Source data>
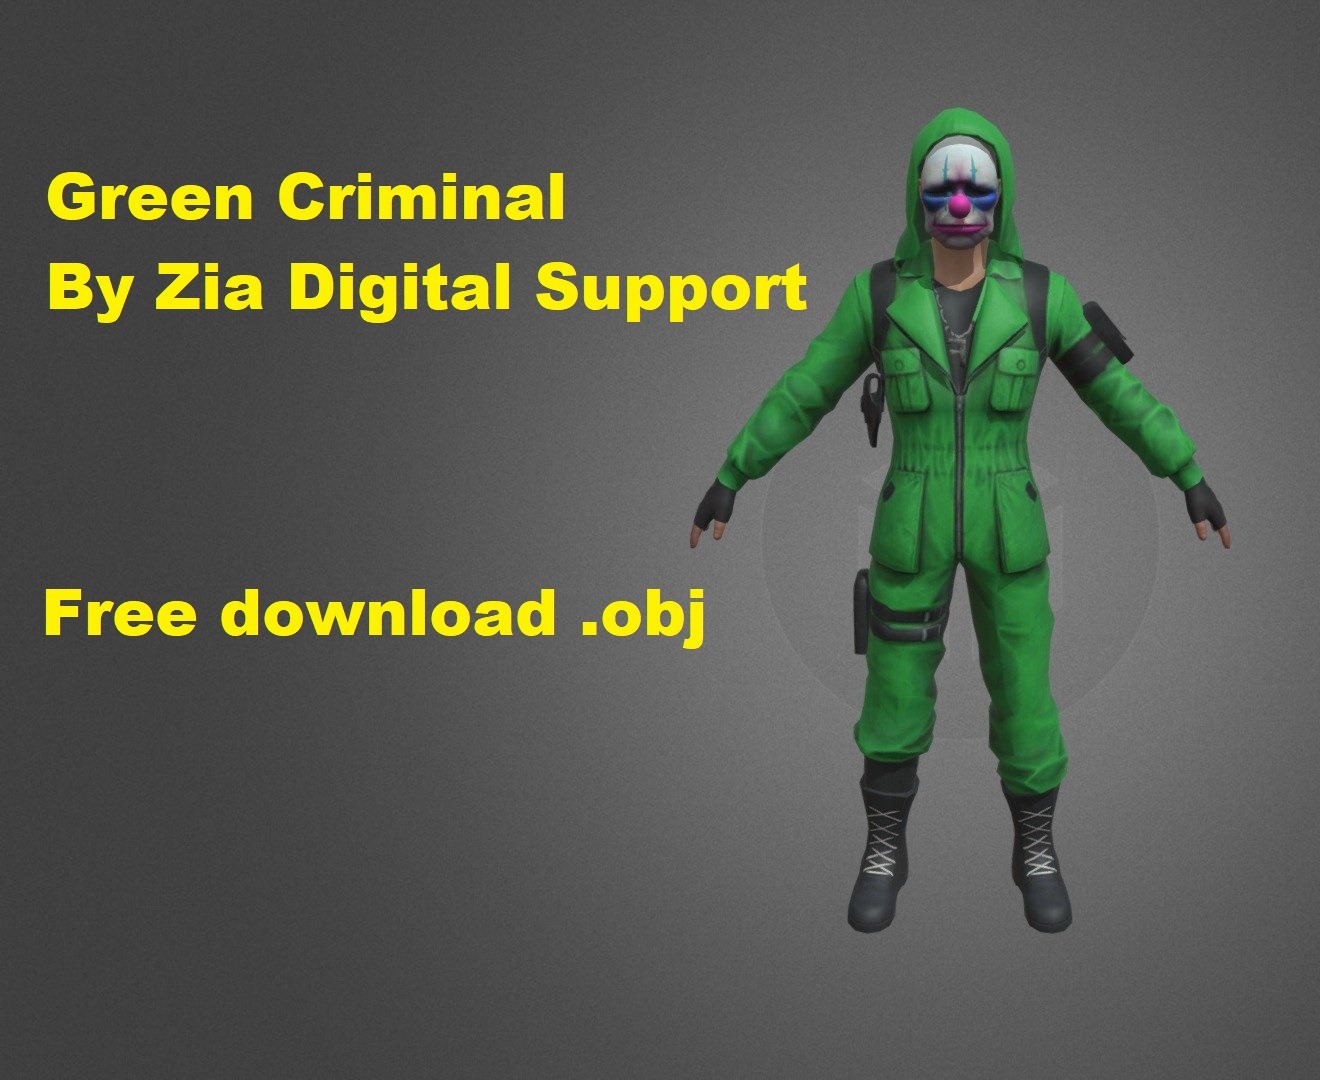 Prisma 3d free fire 3D Model, obj Free download, Green Criminal, Prisma 3d modeling
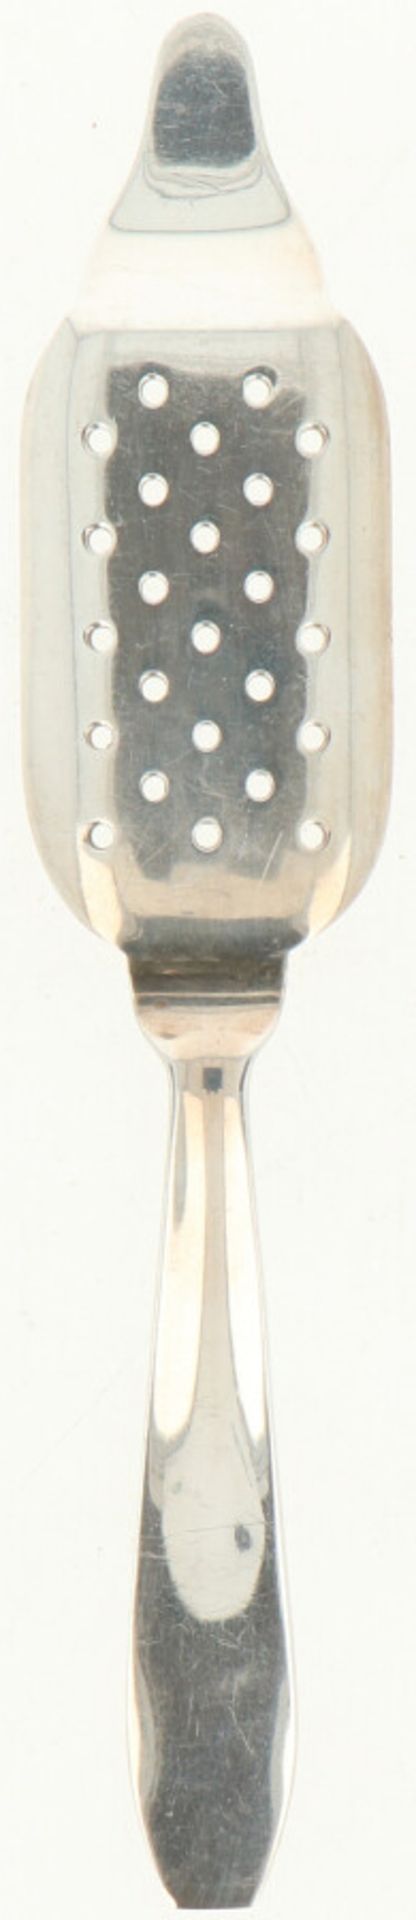 (2) Oesterschepjes. zilver.Strak uitgevoerd. België, 20e eeuw, Keurtekens: A835, ZII, onbekend - Bild 2 aus 3
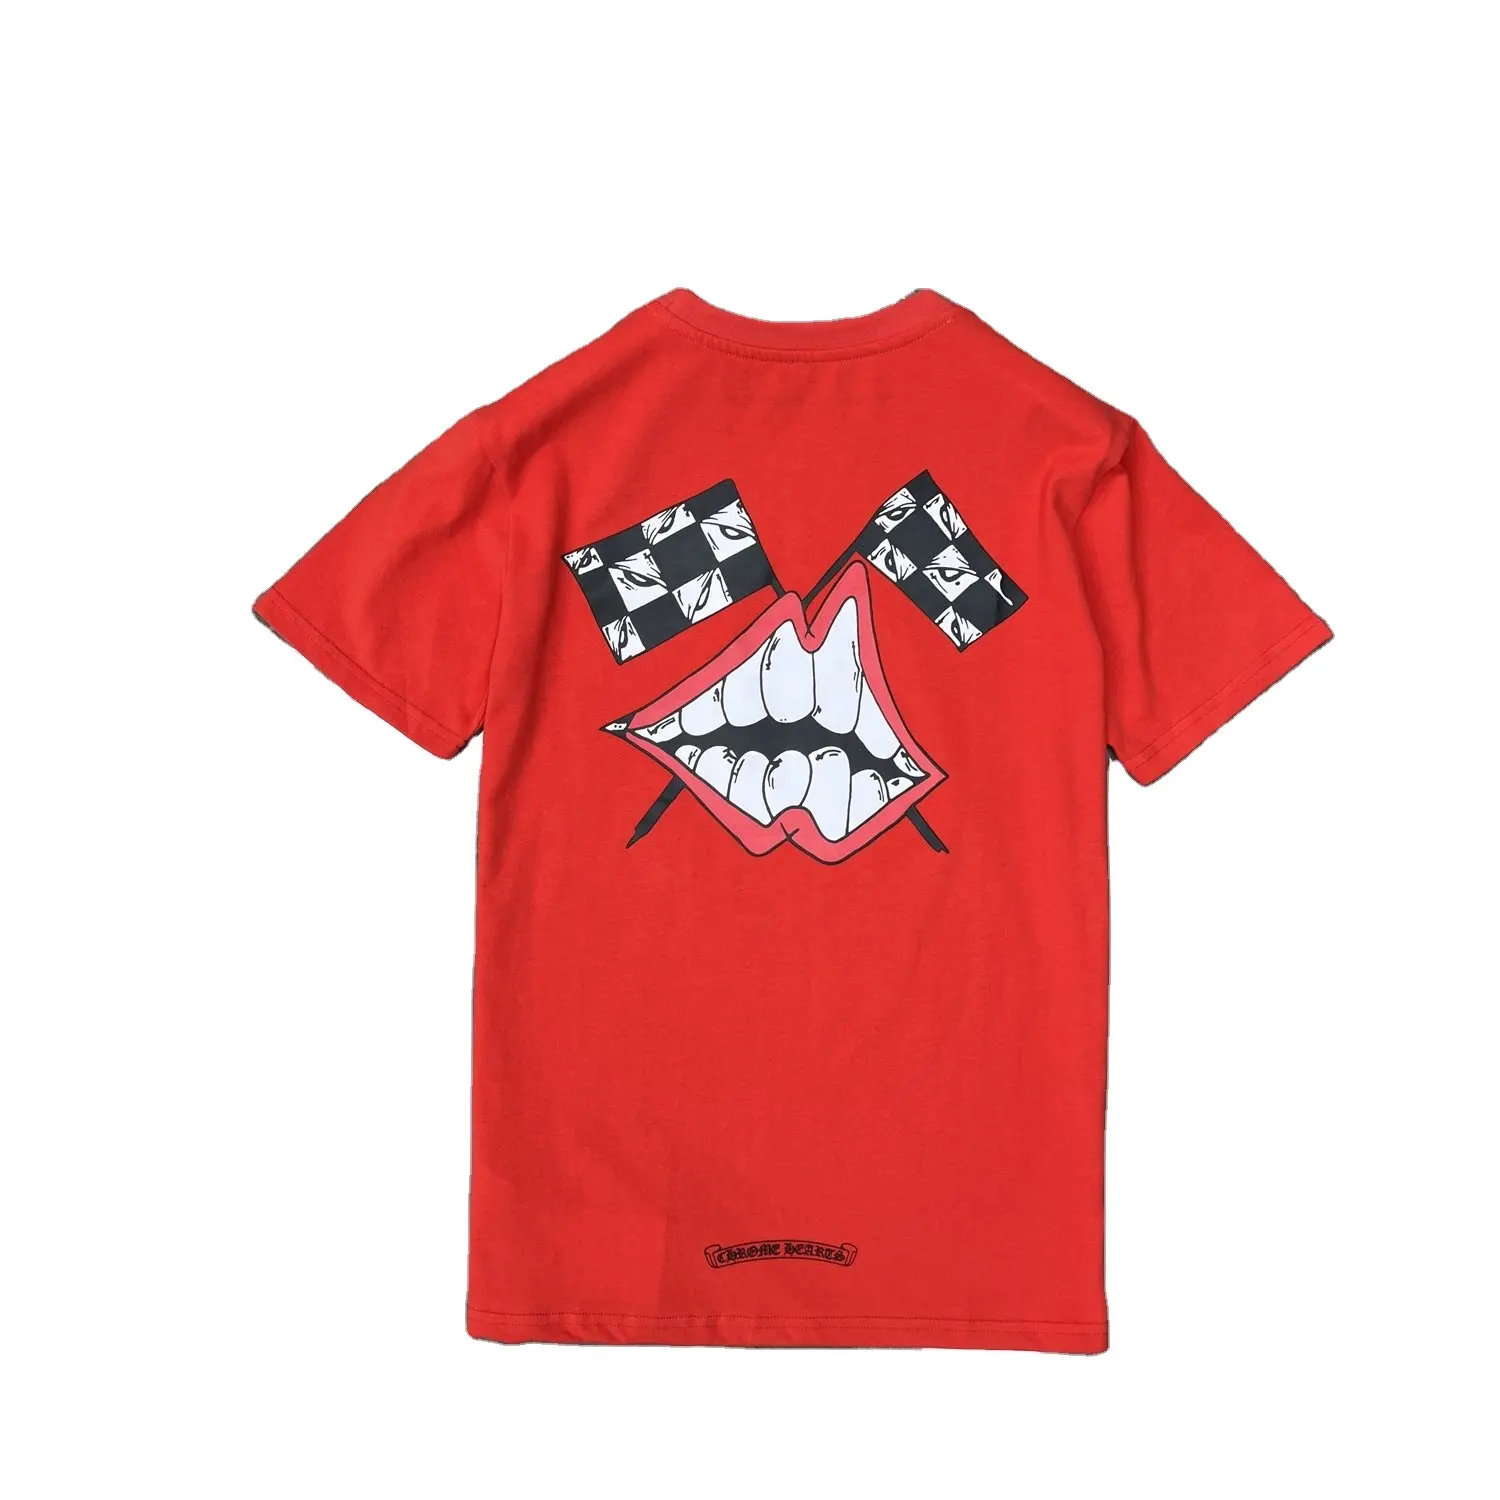 Unisex Đỏ Graffiti Miệng T-Shirt, Chất Lượng Cao, Quá Khổ, Tay Áo Ngắn, Trái Tim, Thương Hiệu Nổi Tiếng, Chrome, Người Đàn Ông Của T-Shirt, SF8501

Required work>
Transcribe the listing exactly. Its images are to be omitted.

Answer space>
 Prisma 3d free fire 3D Model, obj Free download, Green Criminal, Prisma 3d modeling
 (2) Oesterschepjes. zilver.Strak uitgevoerd. België, 20e eeuw, Keurtekens: A835, ZII, onbekend - Bild 2 aus 3
 Unisex Đỏ Graffiti Miệng T-Shirt, Chất Lượng Cao, Quá Khổ, Tay Áo Ngắn, Trái Tim, Thương Hiệu Nổi Tiếng, Chrome, Người Đàn Ông Của T-Shirt, SF8501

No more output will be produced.